Mozart: Requiem (CD review)

Elizabeth Watts, soprano; Phyllis Pancella, mezzo-soprano; Andrew Kennedy, tenor; Eric Owens, bass-baritone; Robert Nairn, double-bass obbligato. Harry Christophers, Handel and Haydn Society Orchestra and Chorus. CORO COR16093.



By now most people are aware of the circumstances surrounding Mozart's composition of his final, unfinished work, the Requiem, K626, of 1791. A mysterious stranger shows up at the composer's door with a commission for a Requiem Mass but refusing to name the person who sent him. Mozart dies before finishing it, and one of his assistants, Franz Xavier Sussmayr, completes it. Did Mozart foresee his own death? Was he knowingly writing his own funeral music? Or did a jealous rival, Antonio Salieri, secretly contract the work and then poison Mozart? And other such imaginative speculations.



Actually, most of the story is pretty straightforward, if far less fun. As the CORO booklet note points out, "The messenger was an envoy from one Count Franz von Walsegg, who wanted a Requiem to commemorate the recent death of his young wife Anna; the secrecy was because Walsegg was a keen amateur musician in the habit of commissioning pieces of music, having them performed at his house 50 miles south-west of Vienna, and mischievously passing them off as his own." I suppose he might have gotten away with it had Mozart not died before completing the commission.



Anyway, here we get a spirited account of the Requiem from Harry Christophers and the Handel and Haydn Society Orchestra and Chorus, which, again from a booklet note, were "founded in 1815...America's oldest continuously performing arts organization....  Its Period Instrument Orchestra and Chorus are internationally recognized in the field of Historically Informed Performance, a revelatory style that uses the instruments and techniques of the composer's time."



But before we get to the Requiem, we find a prefatory piece, another late work by Mozart, the Ave verum corpus, ("Hail, the true body"), K618, from 1791. It's very short and very sweet, kind of Mozart in miniature.



Then Maestro Christophers leads the Handel and Haydn ensemble in a lively reading of the Requiem that always displays a strong forward pulse, used to advantageous dramatic effect.
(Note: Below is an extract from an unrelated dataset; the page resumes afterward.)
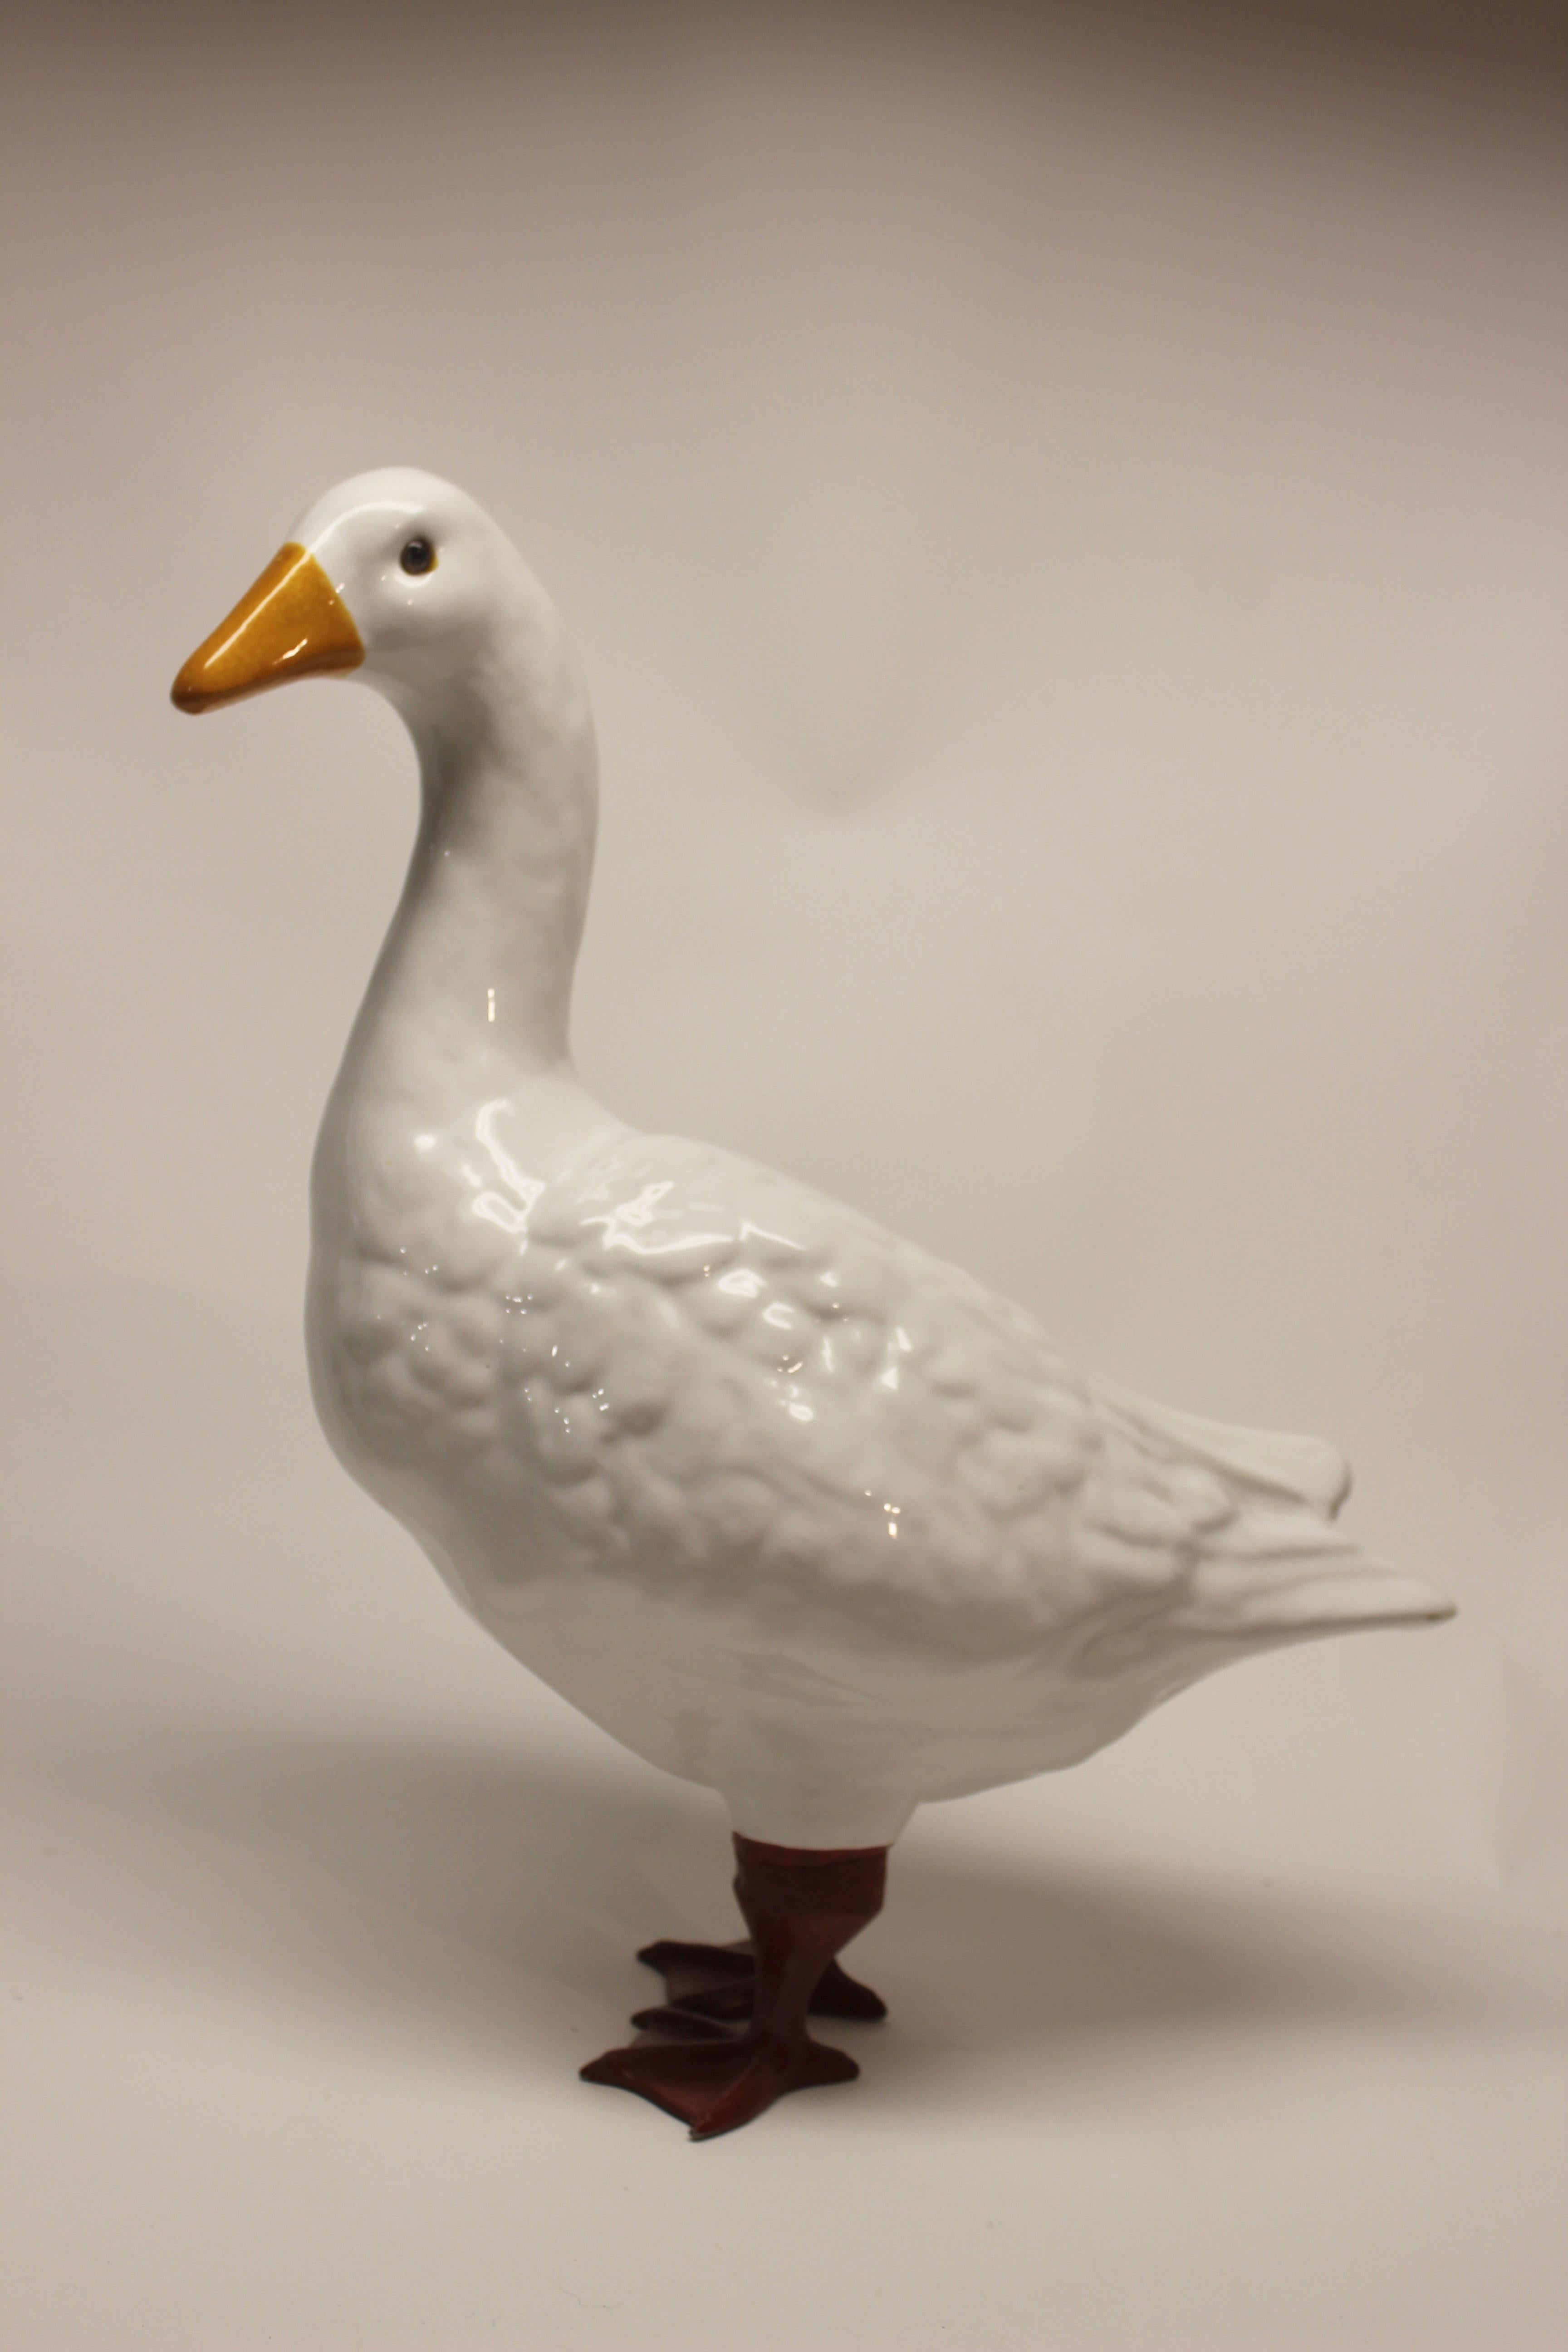 Ceramic Italian goose with metal legs.

Indeed, if anything Christophers drives his players and singers rather hard at times, substituting visceral thrills for spiritual repose.
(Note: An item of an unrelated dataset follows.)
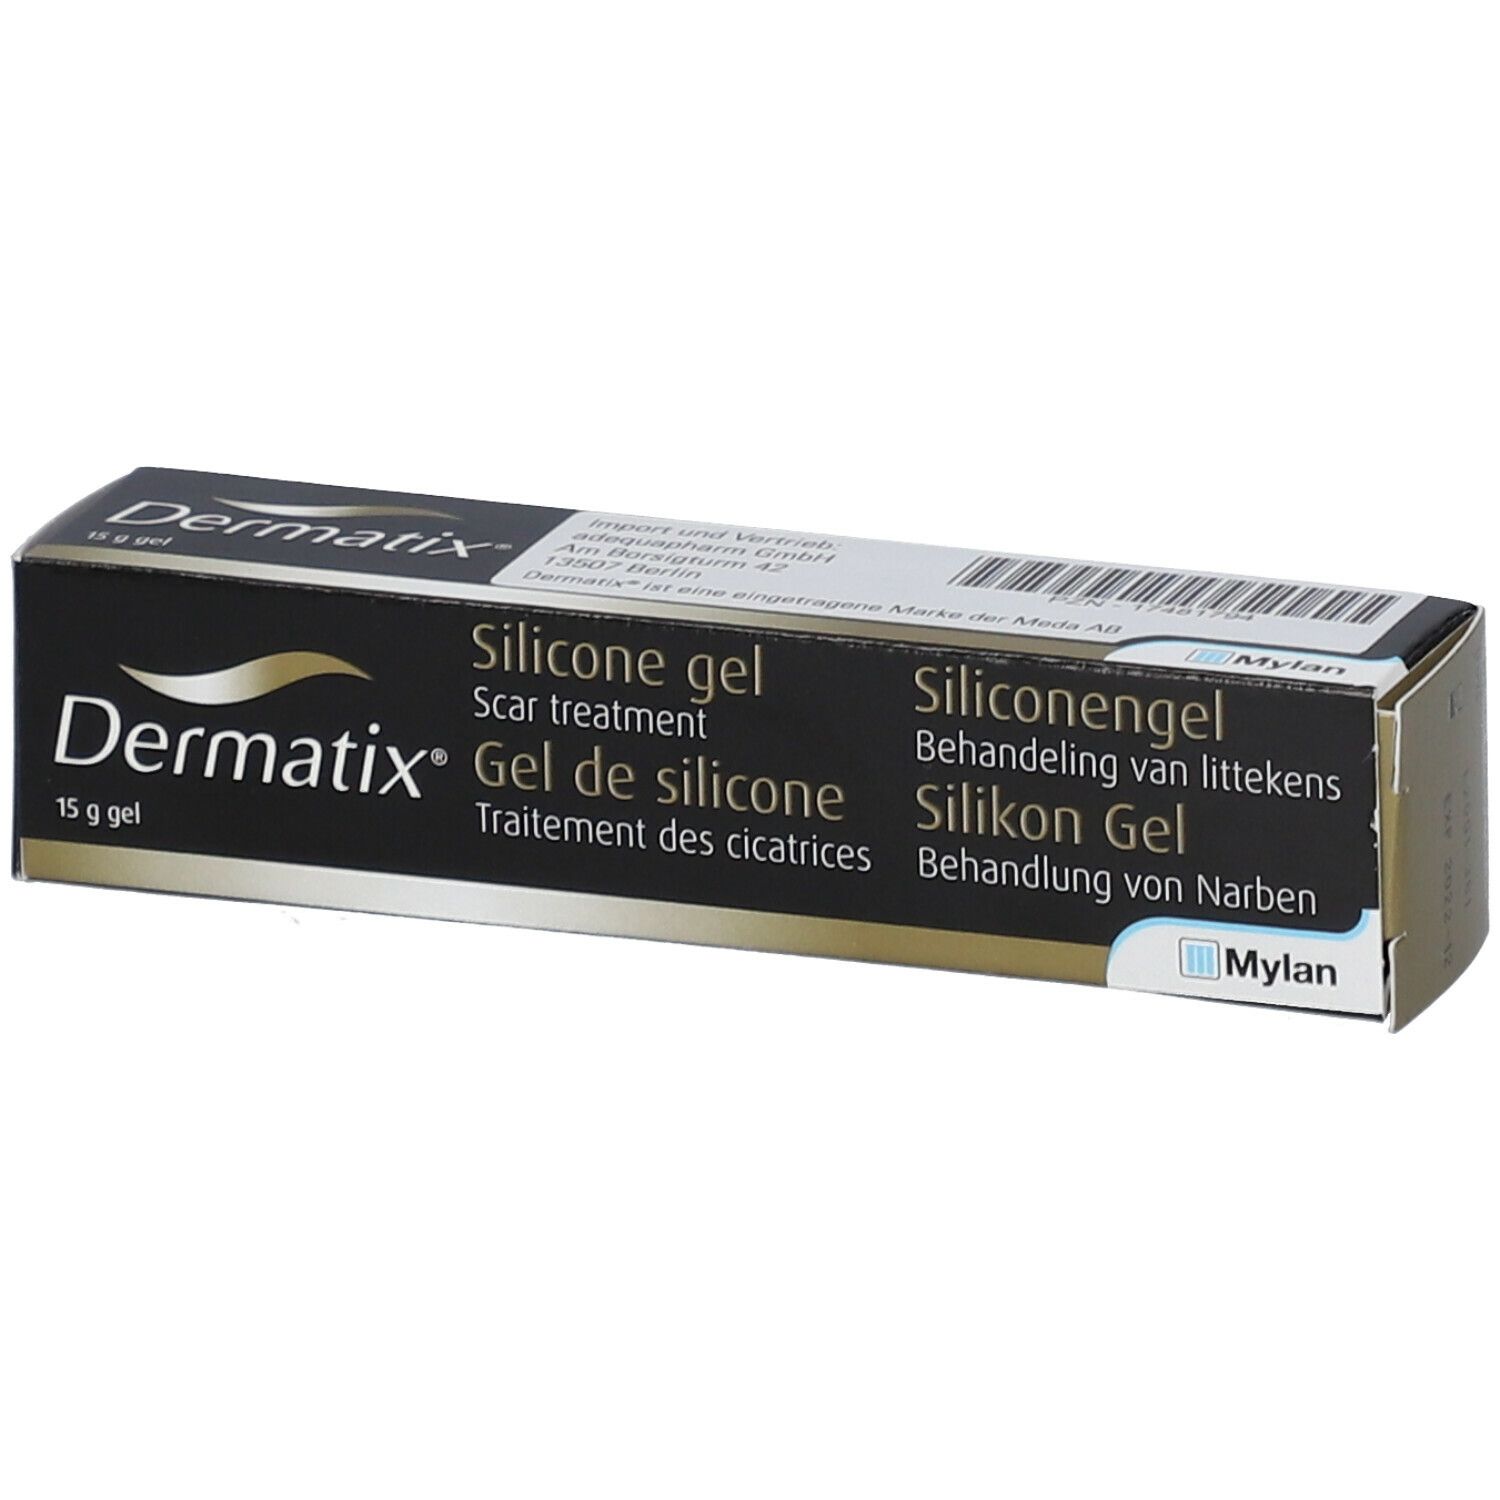 Dermatix Gel

Happily, he doesn't overdrive the production to distraction. Still, he does take most of the movements at faster tempos than we hear from most other conductors, and he tends to emphasize the dynamic contrasts more forcefully. As a result, we get a more-exciting, more red-blooded presentation than many of us may have heard before, which the listener may or may not appreciate in this particular music. The Lacrimosa acts as a sort of breather in the action, and then it's back to the emphatic gestures of the first half. For better or for worse, if you hear it, prepare yourself for a more-animated Requiem than is usual.



Following the Requiem, the orchestra's bass player, Robert Nairn, introduces the final number, Mozart's aria "Per questa bella mano" ("By this beautiful hand"), K612, also a late work written in the composer's final year, 1791. Eric Owens sings it quite beautifully, with obbligato accompaniment by Mr. Nairn and the orchestra.



CORO recorded the music live in Symphony Hall, Boston, in 2011, the sound quite close up, closer than in most recordings of Mozart's Requiem. As such, it delivers a good, clear response, with a wide stereo spread at the expense of one's sitting in the front row. While there isn't much orchestral depth, there is a compensating dynamic impact that is quite realistic and pleasing. The highest reaches of female voices can be a tad forward; otherwise, there is a fairly natural-sounding, if slightly soft, midrange.



Because it's live, we also hear some inevitable coughs and wheezes on occasion; it's never too disruptive, but it does remind us we're not in a studio. Only at the end of the entire program does the audience erupt into an unfortunate applause.